Among the lines below, take the one holding "Nike Lauf-Oberteil mit", the one holding "Italien setzt sich", and all lines between them. Set them down exactly.

#### Source information
++++

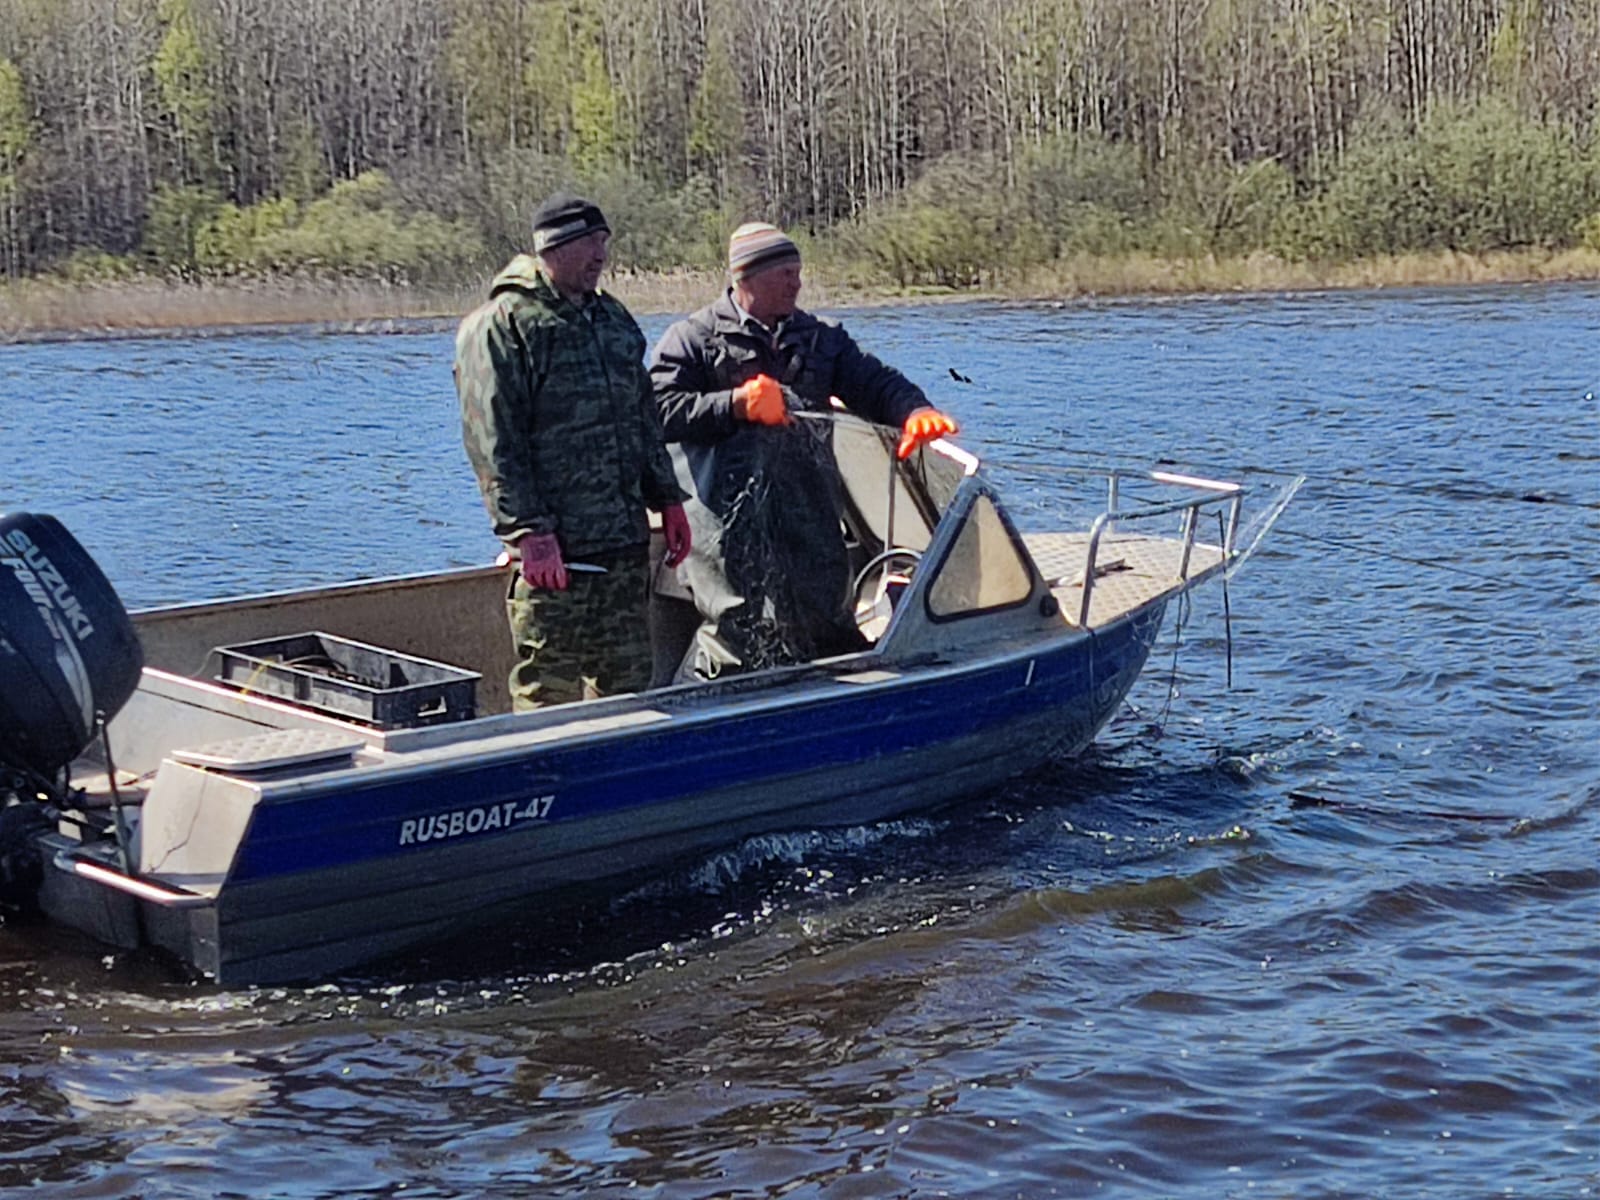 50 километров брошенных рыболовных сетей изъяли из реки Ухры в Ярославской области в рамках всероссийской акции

++++

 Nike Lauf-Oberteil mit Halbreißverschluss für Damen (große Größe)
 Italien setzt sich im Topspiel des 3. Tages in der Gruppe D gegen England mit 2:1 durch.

++++

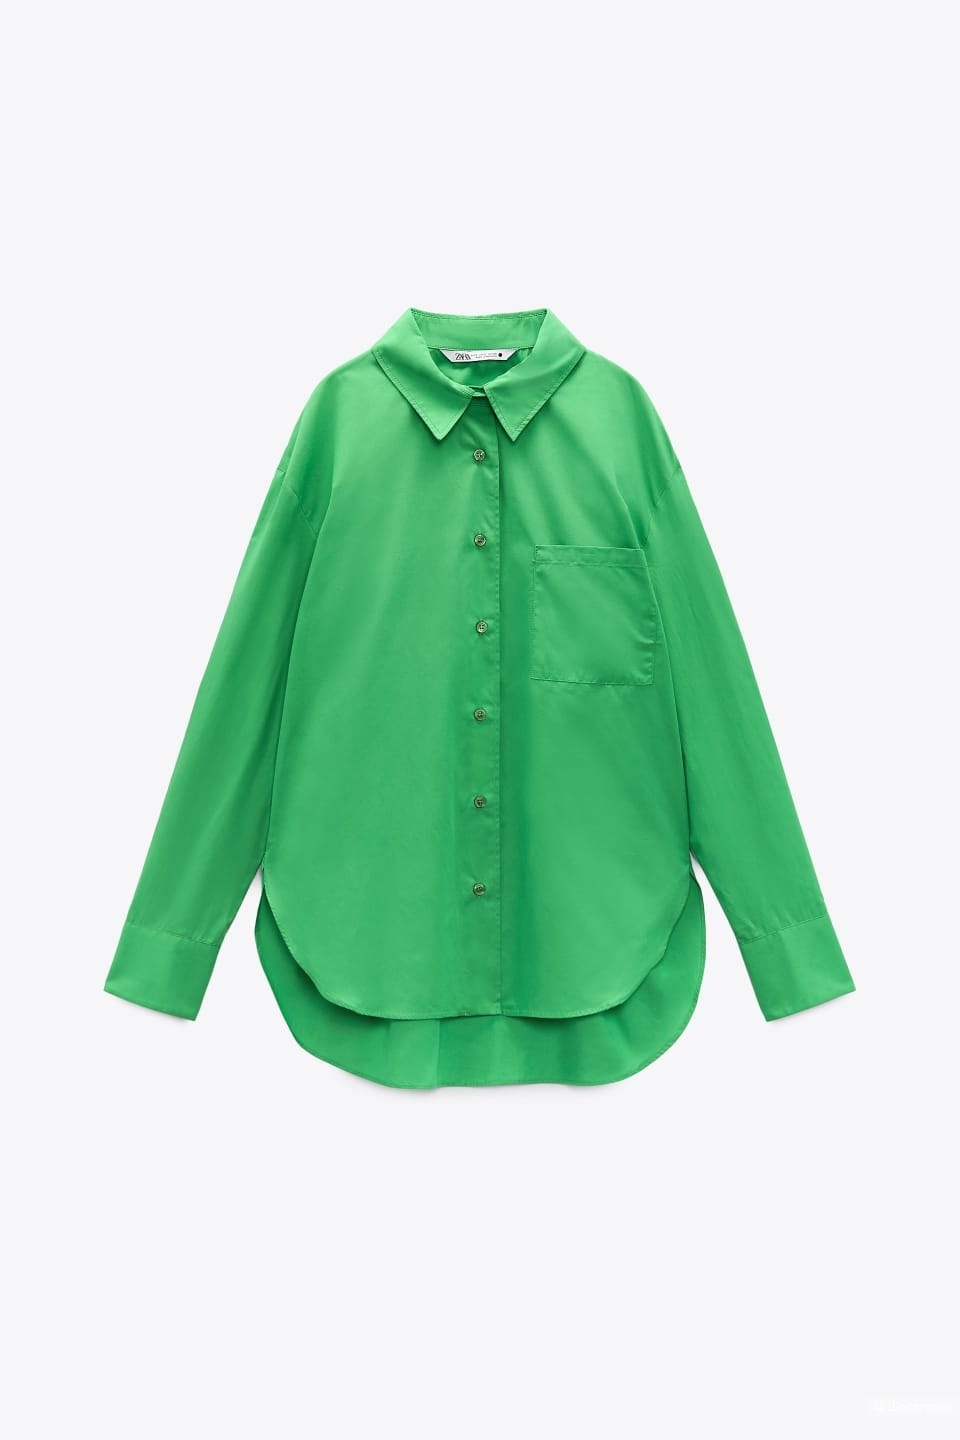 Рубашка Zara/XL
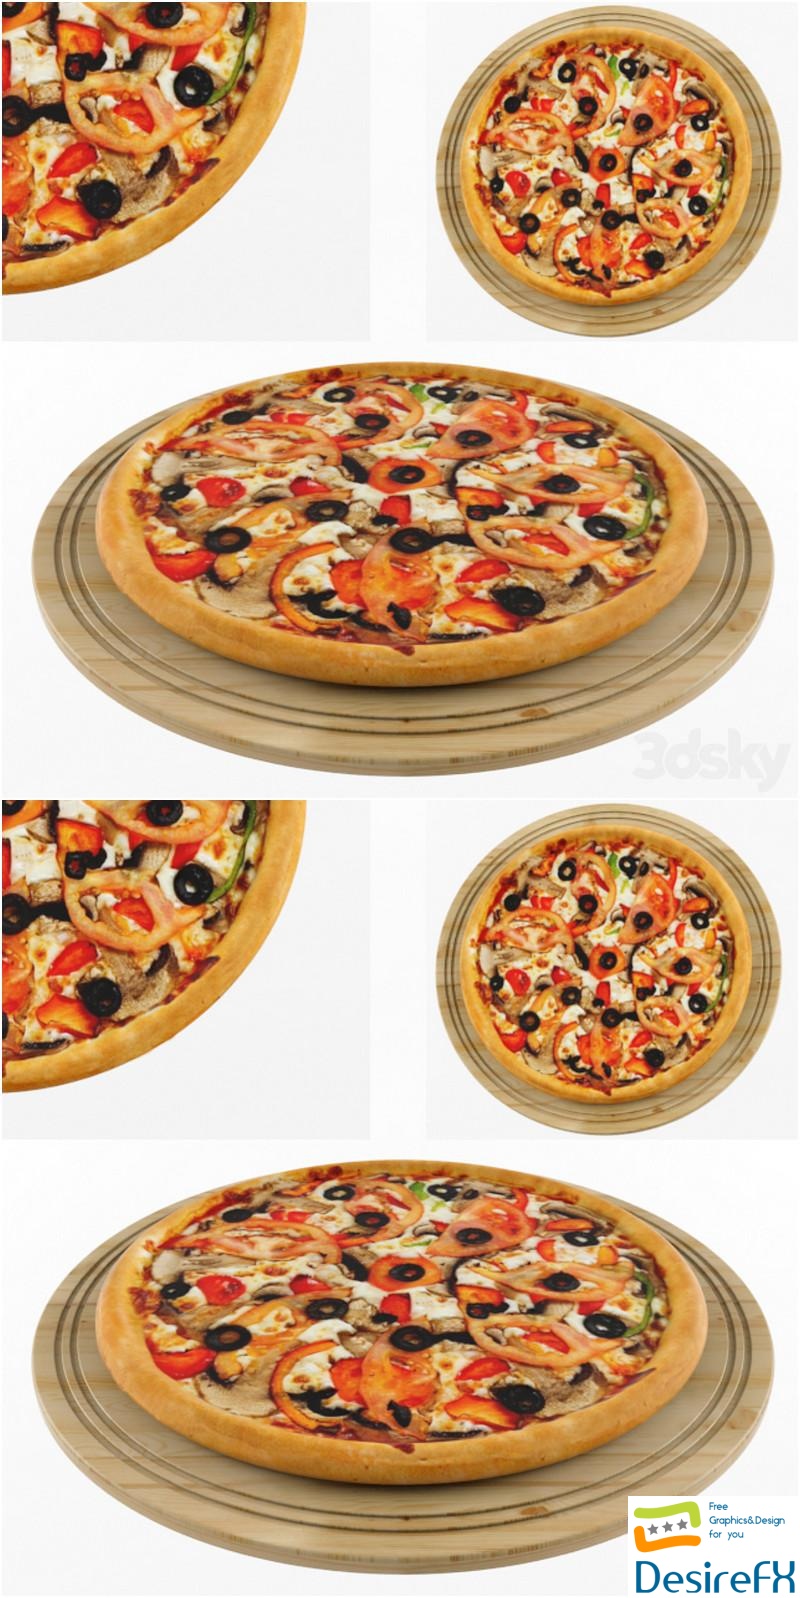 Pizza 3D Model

++++

#### Answer to this problem
 Nike Lauf-Oberteil mit Halbreißverschluss für Damen (große Größe)
 Italien setzt sich im Topspiel des 3. Tages in der Gruppe D gegen England mit 2:1 durch.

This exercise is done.